§ **DATA SHOWN**
────────────────────

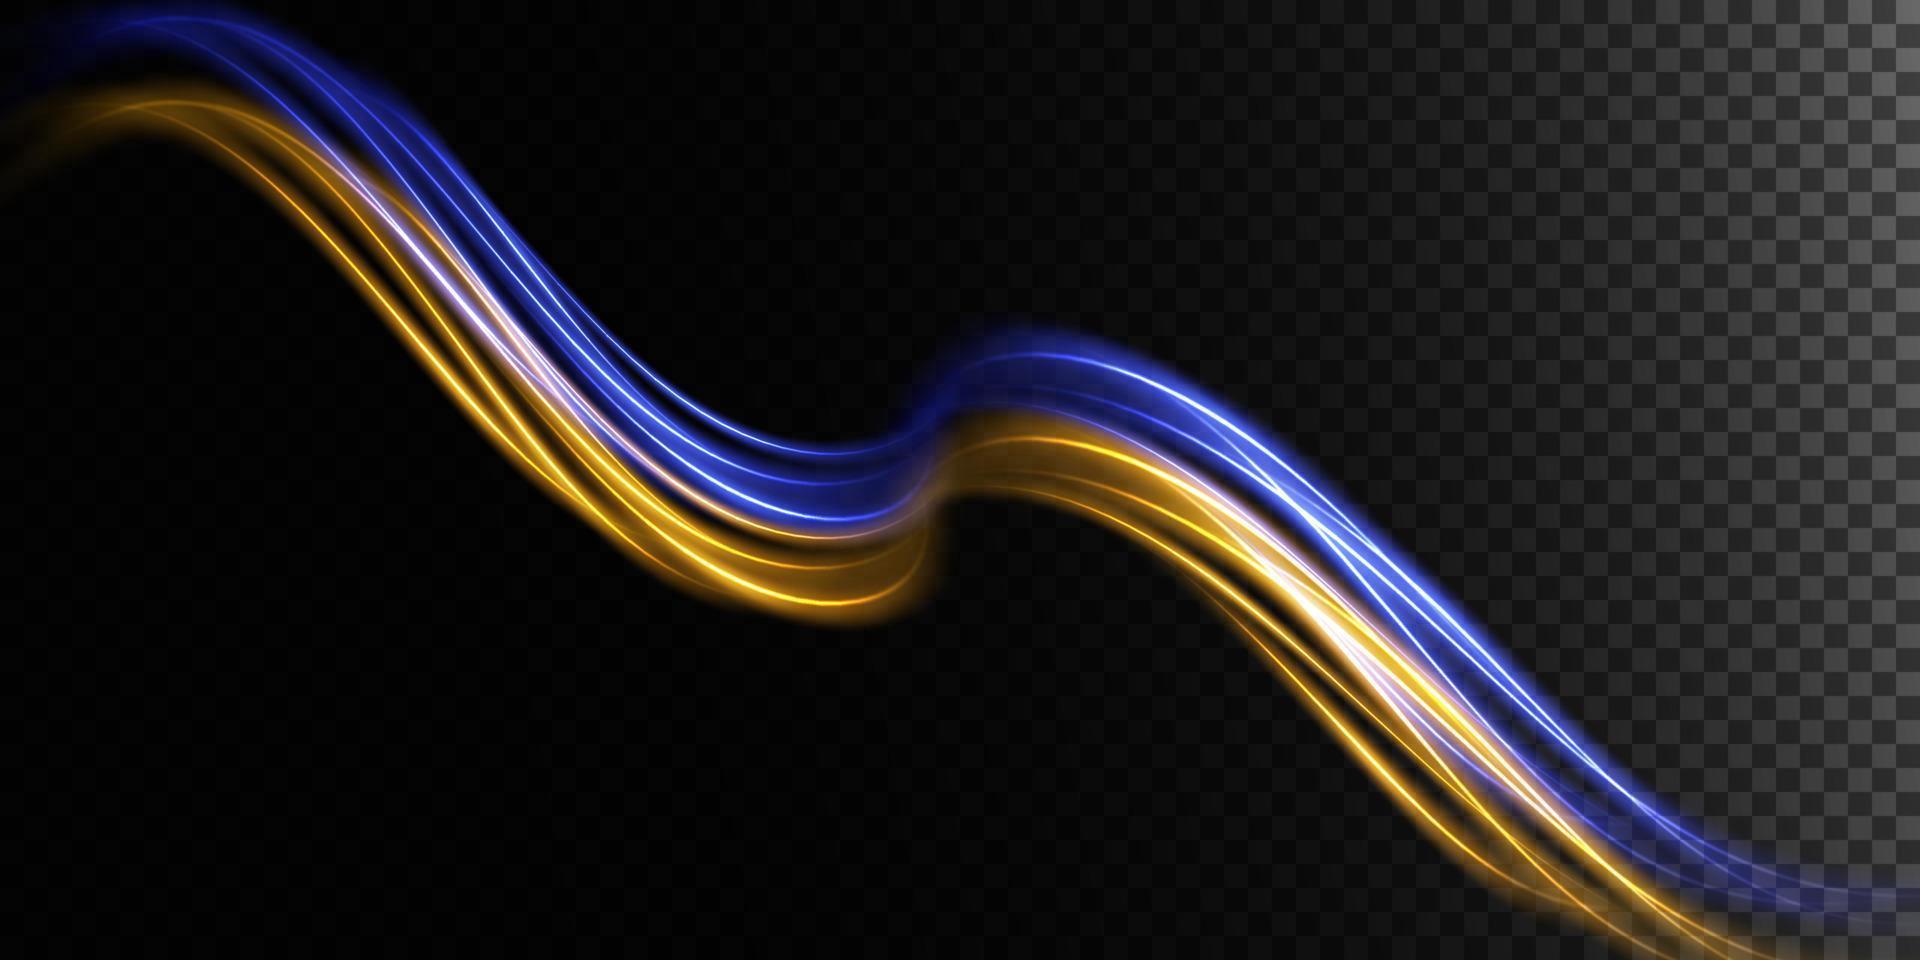 abstrakt ljus rader av rörelse och hastighet i blå och guld. ljus varje dag lysande effekt. halvcirkelformig Vinka, ljus spår kurva virvla runt vektor
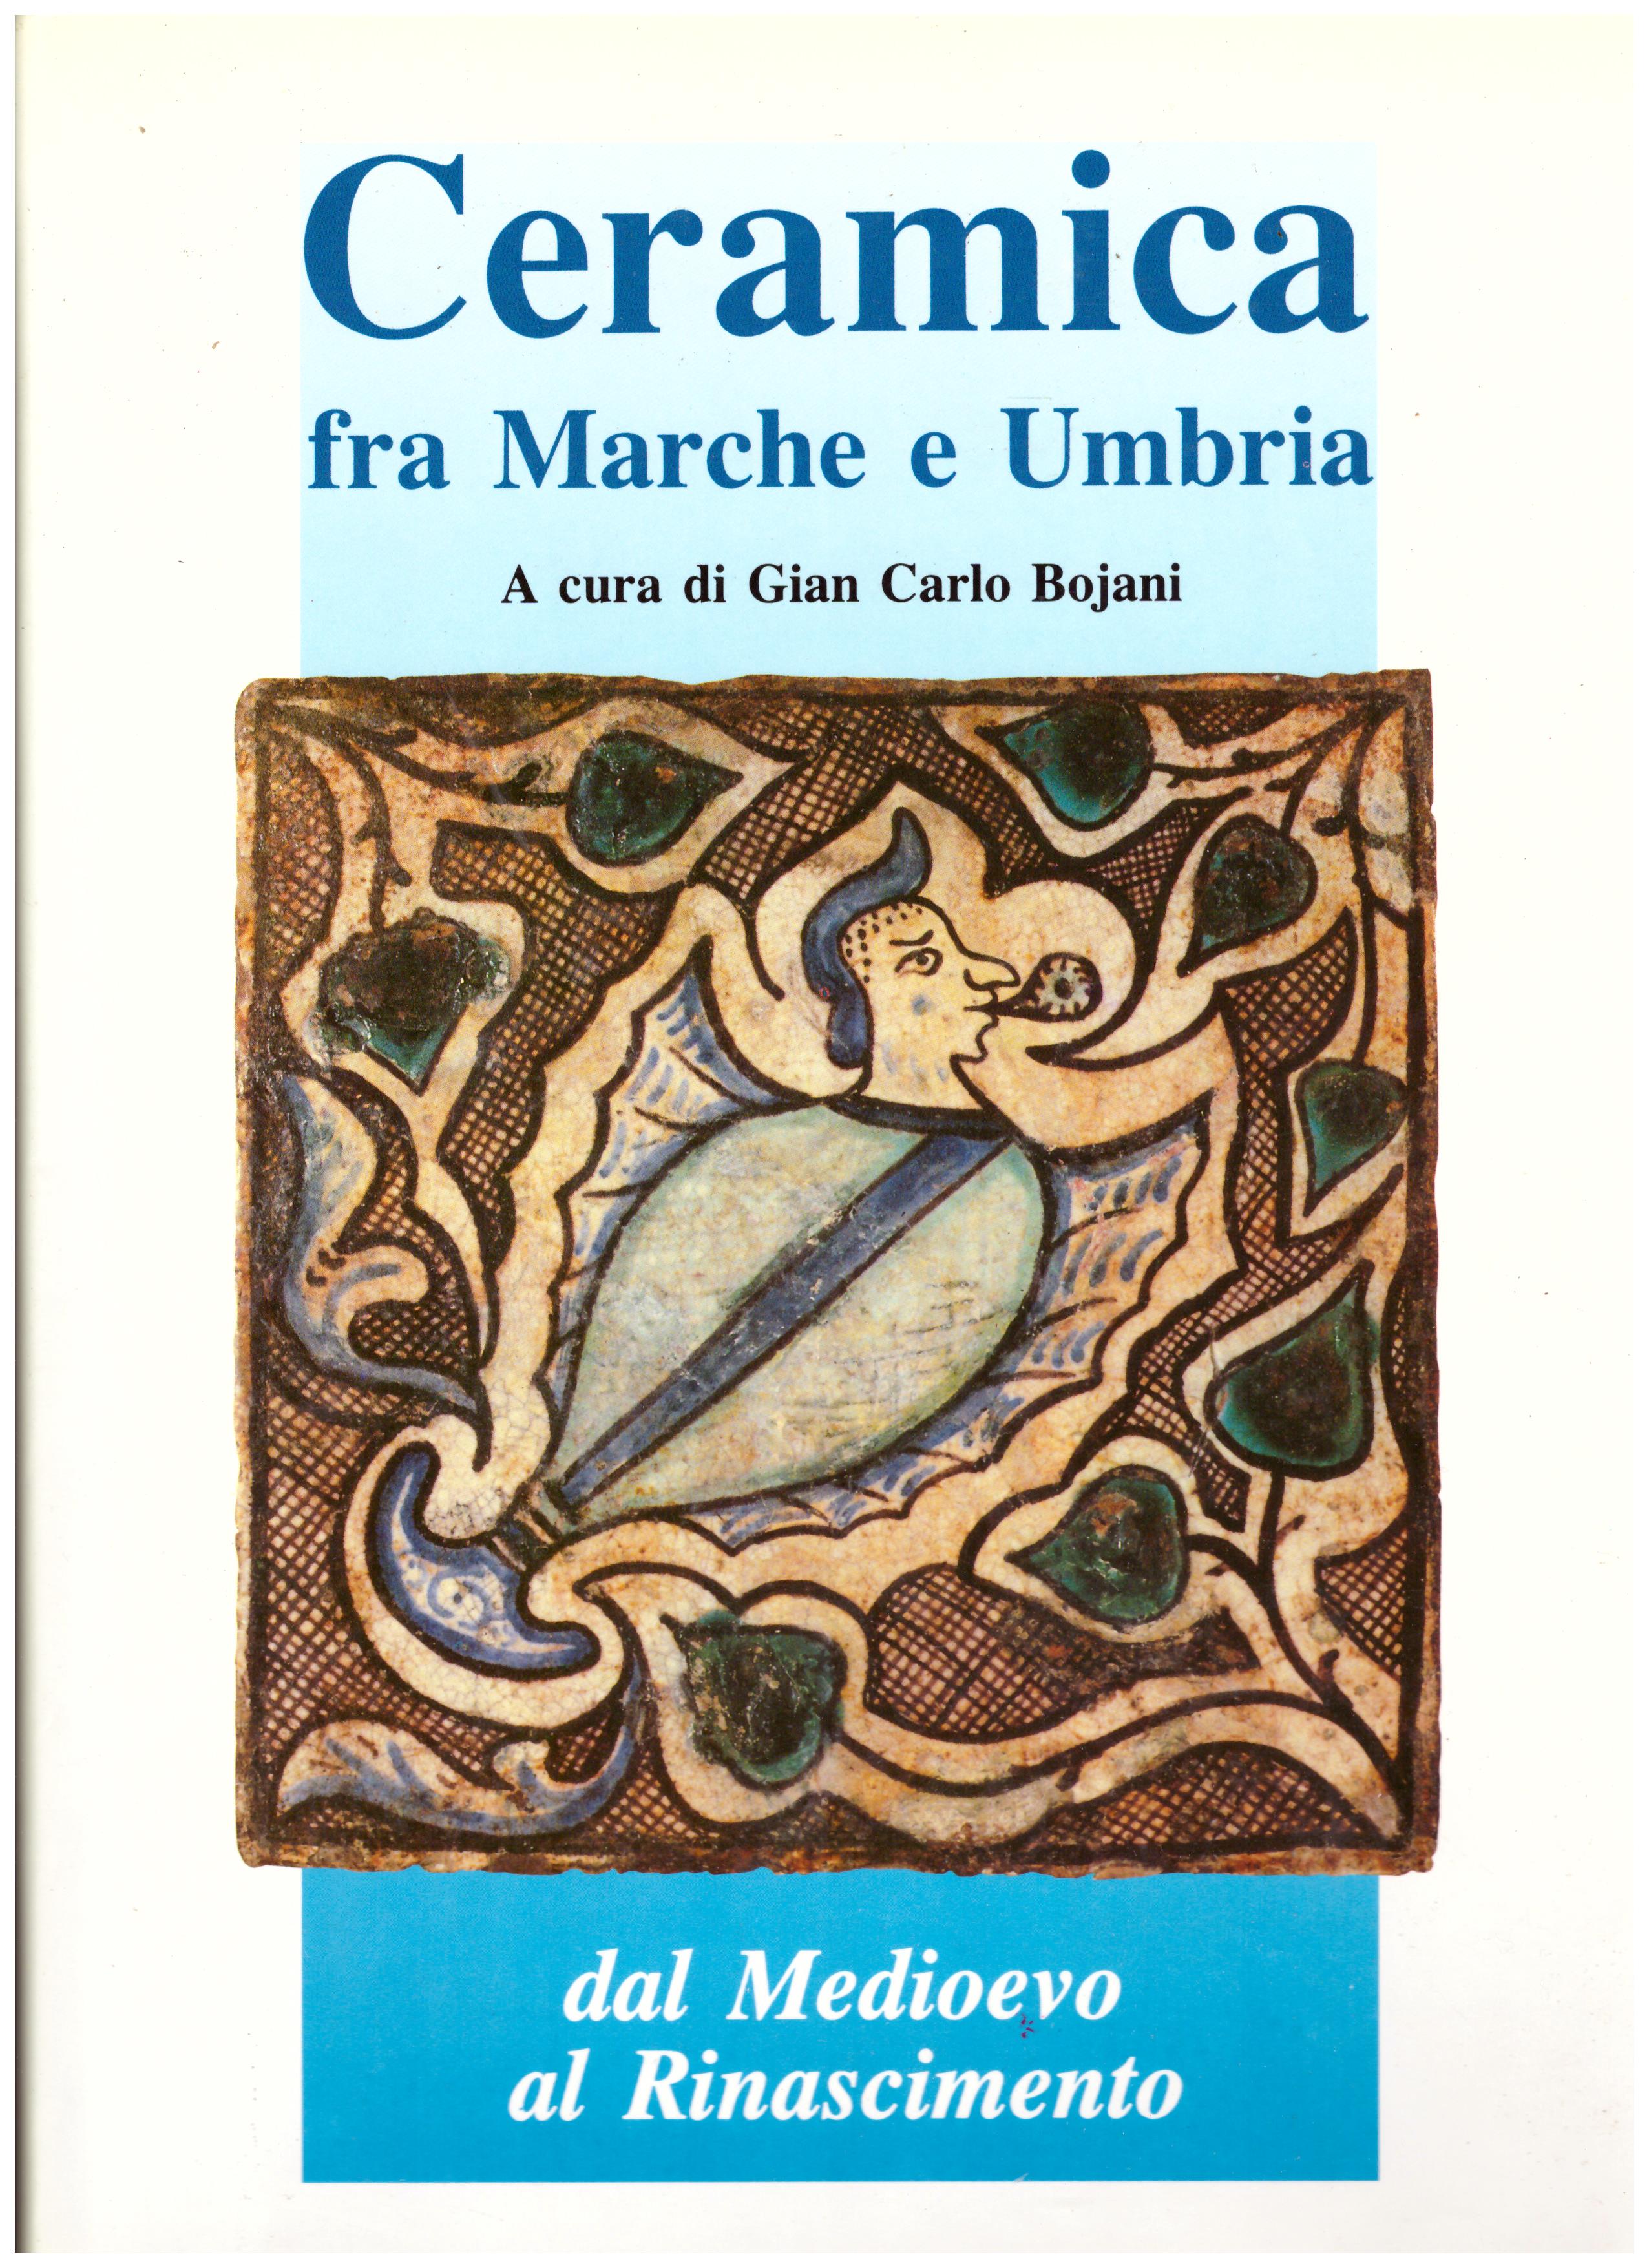 Titolo: Ceramica fra Marche e Umbria     Autore: AA.VV. A cura di Gian Carlo Bojani    Editore: Publialfa, Faenza 1992
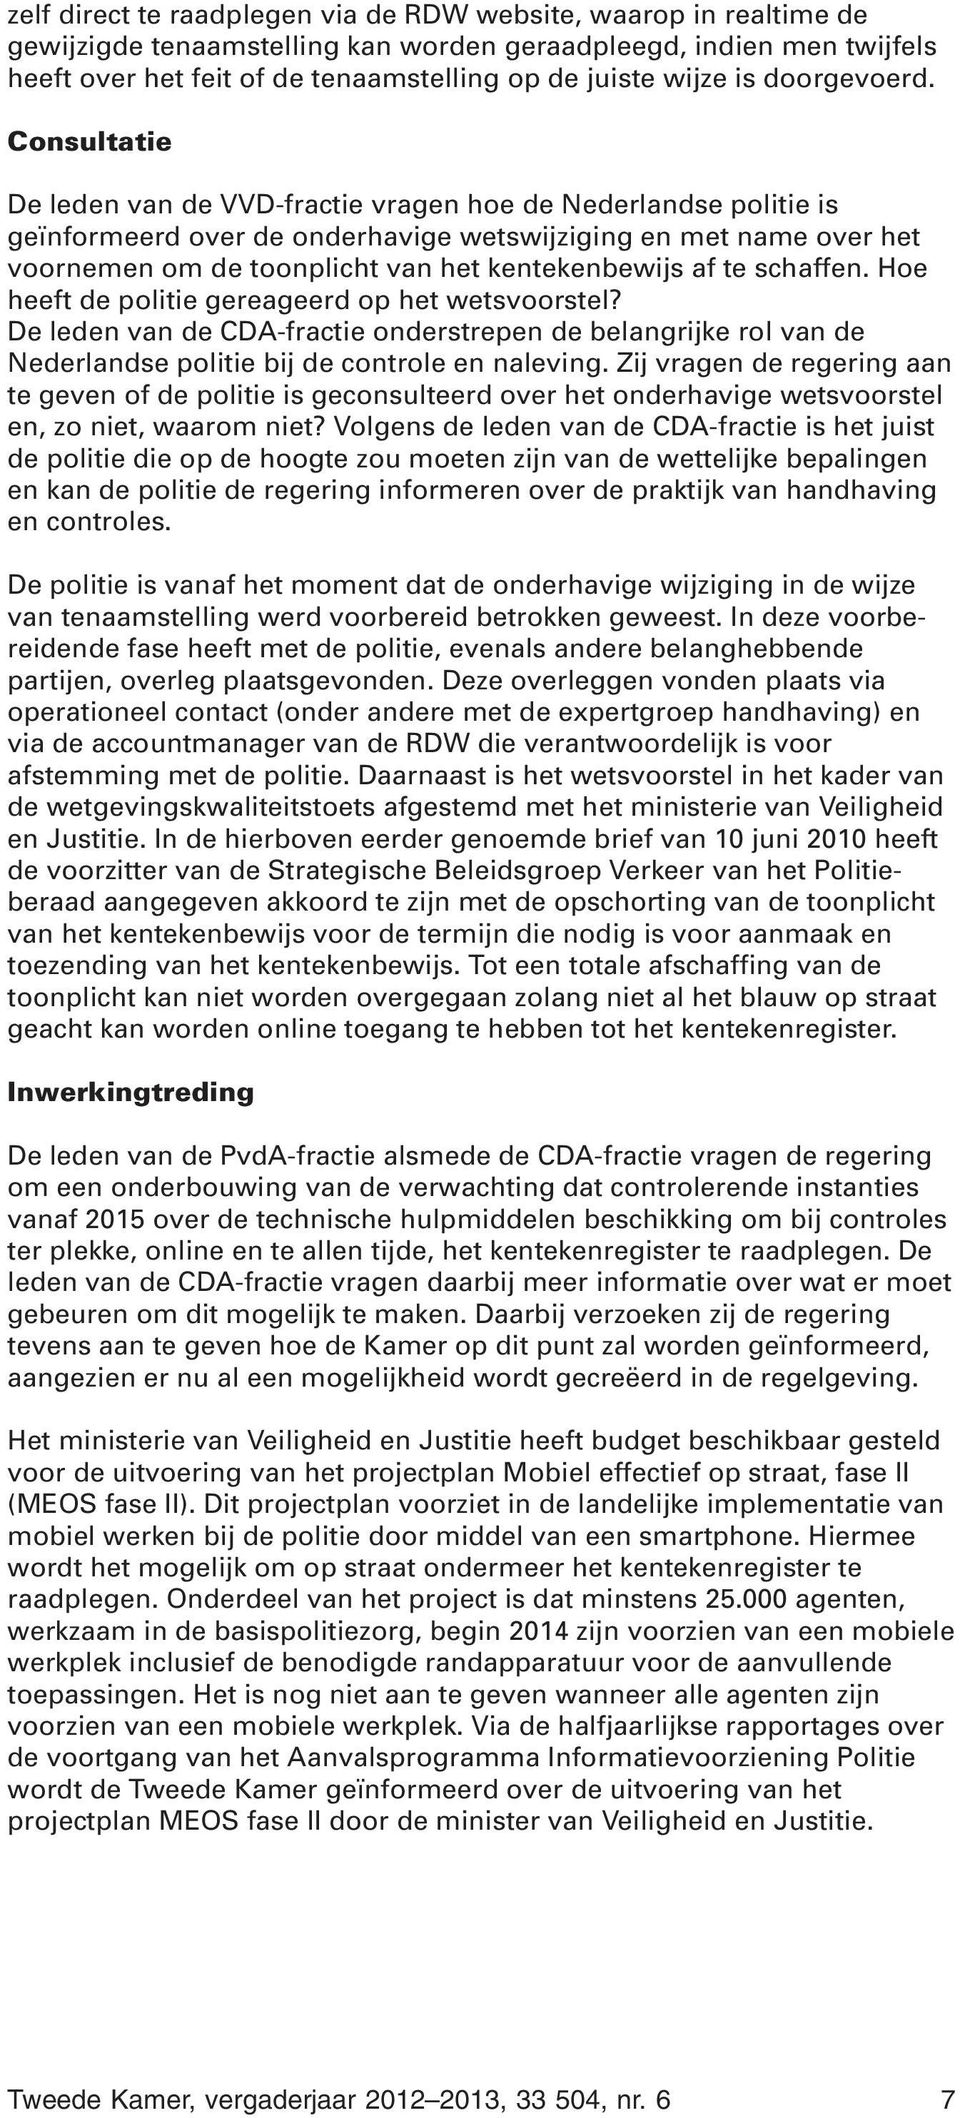 Consultatie De leden van de VVD-fractie vragen hoe de Nederlandse politie is geïnformeerd over de onderhavige wetswijziging en met name over het voornemen om de toonplicht van het kentekenbewijs af

────────────────────

§ **PROBLEM REQUIREMENTS**
Pictures are to be left out. Otherwise, copy the material above exactly.

§ **EXERCISE SOLUTION**
 abstrakt ljus rader av rörelse och hastighet i blå och guld. ljus varje dag lysande effekt. halvcirkelformig Vinka, ljus spår kurva virvla runt vektor
 Titolo: Ceramica fra Marche e Umbria     Autore: AA.VV. A cura di Gian Carlo Bojani    Editore: Publialfa, Faenza 1992
 Consultatie De leden van de VVD-fractie vragen hoe de Nederlandse politie is geïnformeerd over de onderhavige wetswijziging en met name over het voornemen om de toonplicht van het kentekenbewijs af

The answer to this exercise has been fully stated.